| name | ci-efficiency |
| description | Audit GitHub Actions workflows for efficiency and recommend fixes to reduce CI minutes and costs. Use when asked to improve CI performance. |
CI Efficiency Audit
Inspect the repository's GitHub Actions workflows, identify waste sources, and recommend targeted fixes to reduce CI minutes and cost.
This Codebase's CI Structure
The CI entry point is MISE (mise run). All builds and tests go through it:
mise run [--variant fips|non-fips] [--link static|dynamic] <task>
Key workflows:
.github/workflows/pr.yml — pull request CI
.github/workflows/main.yml + main_base.yml — push CI
.github/workflows/test_all.yml — full test matrix
.github/workflows/release.yml — release automation
.github/workflows/packaging.yml, packaging-docker.yml, packaging-tests.yml — packaging
Test matrix variants: sqlite, psql, mariadb, percona, wasm, google_cse, gcp_cmek, otel_export, hsm, redis (non-fips), aws_xks (non-fips), azure_ekm (non-fips), ui (non-fips).
Step 1 — Measure First
rg -n "on:|concurrency:|paths:|paths-ignore:|strategy:|matrix:|cache:" .github/workflows
GH_PAGER=cat gh run list --limit 10 --repo Cosmian/kms
run_id=$(GH_PAGER=cat gh run list --limit 1 --json databaseId --jq '.[0].databaseId' --repo Cosmian/kms)

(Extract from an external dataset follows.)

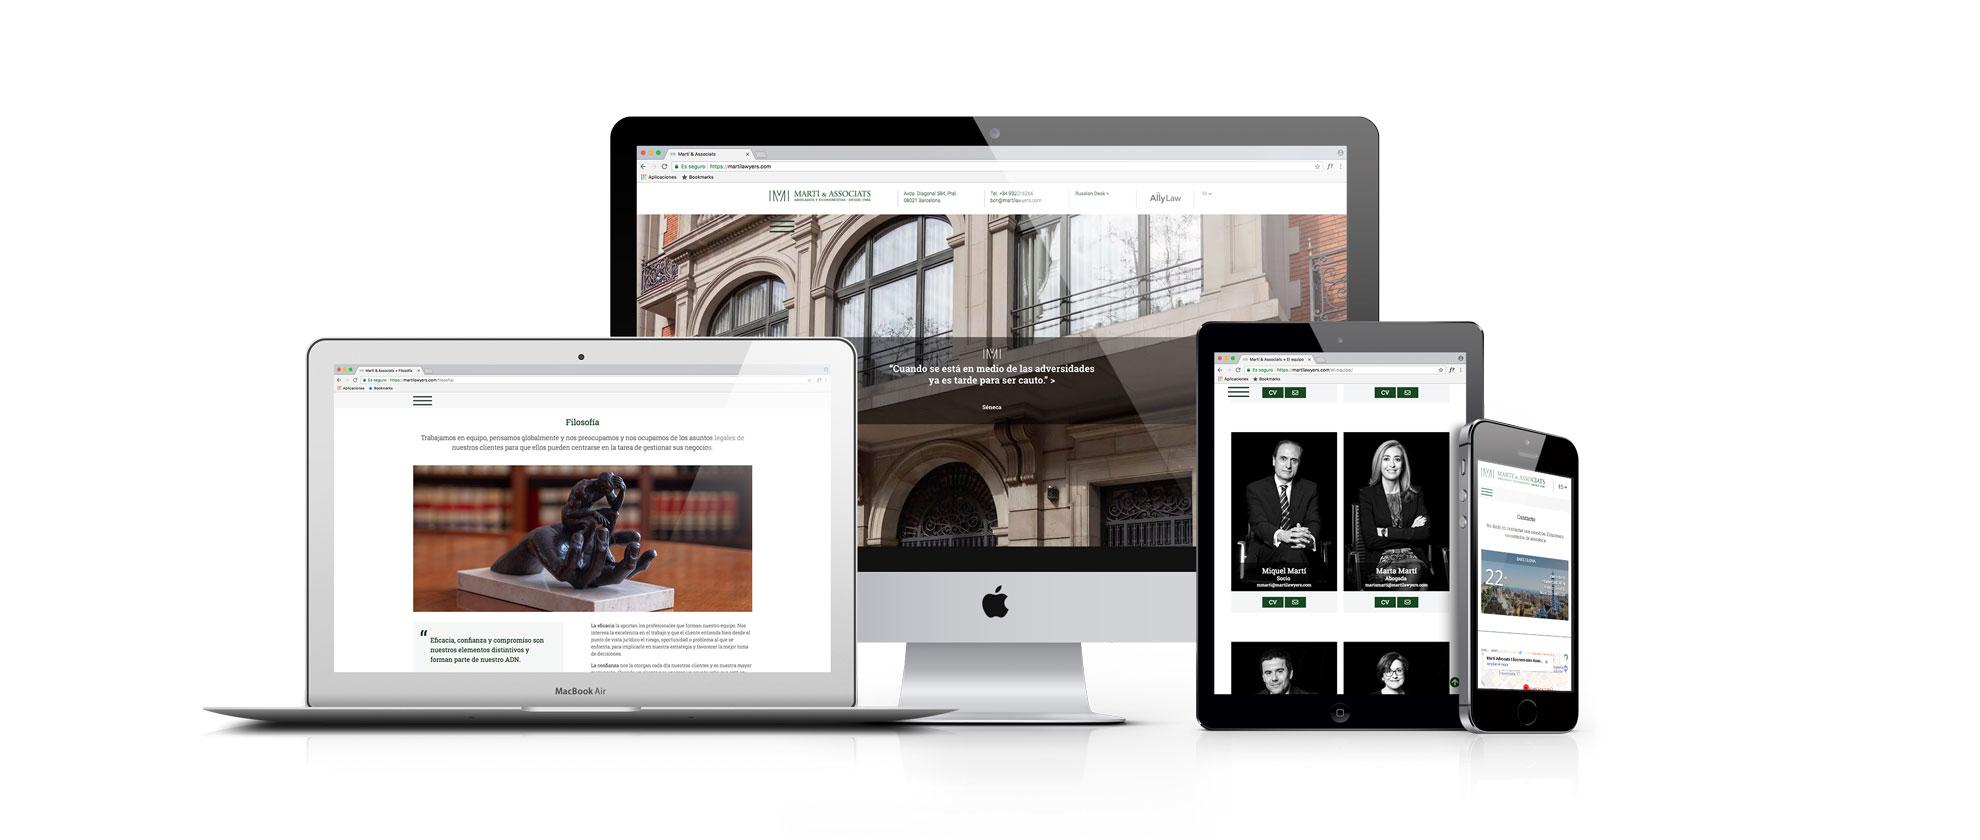 Marti-Associats-web-responsive

GH_PAGER=cat gh run view "$run_id" --log-failed --repo Cosmian/kms
Look for:
- Missing dependency caches (Rust
~/.cargo, target/, nix store, pnpm store)
- Missing
concurrency groups to cancel stale runs on the same PR
- Over-broad triggers (full matrix on every push to any branch)
- Duplicate workflow coverage (same job in both
pr.yml and main.yml)
- Expensive jobs running regardless of what changed (e.g. UI E2E triggered by Rust-only changes)
Step 2 — Apply Guardrails
Before recommending any fix, verify it passes all guardrails:
- Does not hide required validation — do not remove FIPS/non-FIPS test matrix legs that have explicit version commitments.
- Does not reduce parallelism without justification.
- Preserves security-critical checks — secret scanning, Dependabot, SBOM generation must not be gated behind path filters.
- Write-back jobs (auto-formatting, CLI doc regeneration) must use opt-in triggers, not run on every PR.
- Nix hash update jobs must not be silently skipped.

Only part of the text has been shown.